Show all numbers of the form:
5·(2^n)
can be written as the sum of two squares
for all natural numbers n
2 Answers
- ?Lv 63 years agoFavorite Answer
When n = 2k (k = 0,1,2, ...)
5*(2^n)
= 5*[2^(2k)]
= (1+4)*[2^(2k)]
= 2^(2k) + 2^(2k+2)
= (2^k)^2 + [2^(k+1)]^2 : The sum of two squares
When n = 2k+1 (k = 0,1,2, ...)
5*(2^n)
= 5*[2^(2k+1)]
= 10*[2^(2k)]
= (1+9)*[2^(2k)]
= 2^(2k) + (3^2)*[2^(2k)]
= (2^k)^2 + [3*(2^k)]^2 : The sum of two squares
- ?Lv 73 years ago
n = 0, 5 = 1² + 2²
n = 1, 10 = 1² + 3² = 1² + (2+1)²
n = 2, 20 = 2² + 4² = (2*1)² + (2*2)² (terms twice those of n = 0 for 4 times that result)

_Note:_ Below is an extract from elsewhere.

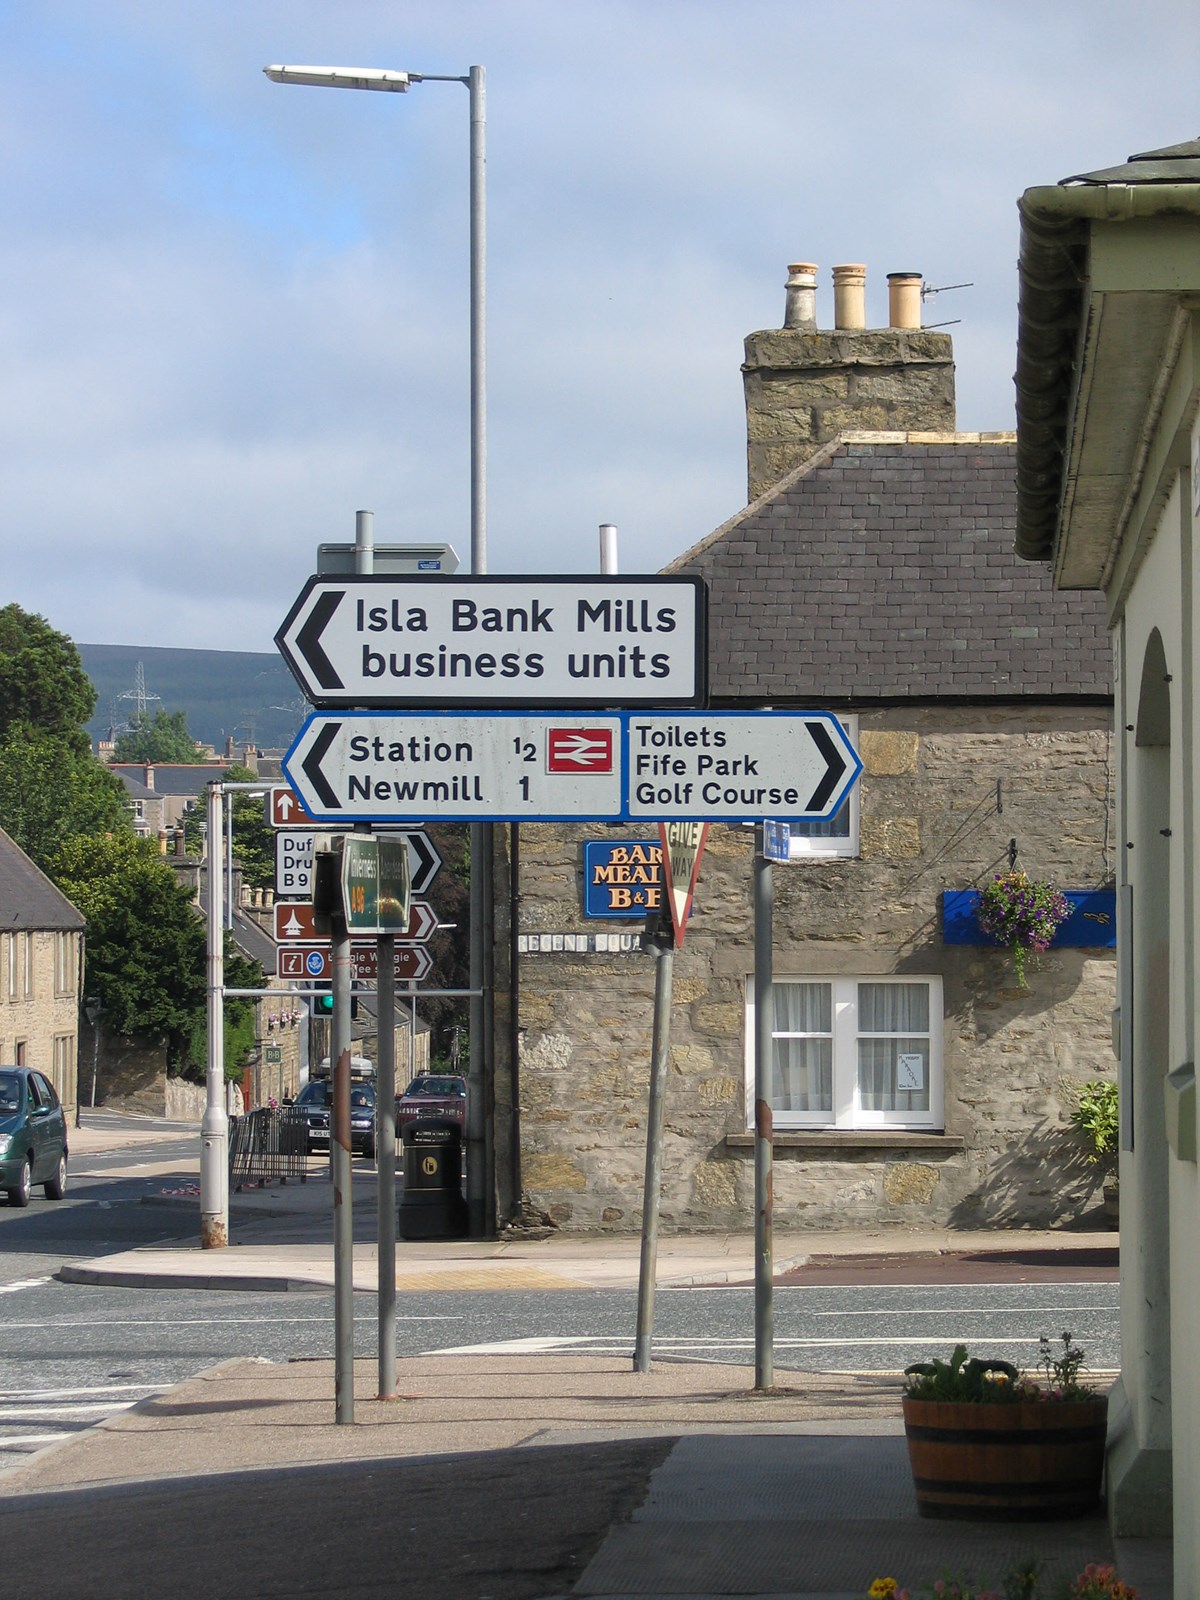 Road signs in Keith

n = 3, 40 = 2² + 6² = (2*1)² + (2*3)² (terms twice those of n = 1 for 4 times that result)
n = 4, 80 = 4² + 8² = (2*2)² + (2*4)² (terms twice those of n = 2 for 4 times that result)
n = 5, 160 = 4² + 12² = (2*2)² + (2*6)² (terms twice those of n = 3 for 4 times that result)
etc.
5(2^n) = ( 2^(⌊n/2⌋) )² + ( (2^(⌊n/2⌋))(2 + mod(n,2)) )², which is the sum of two squares.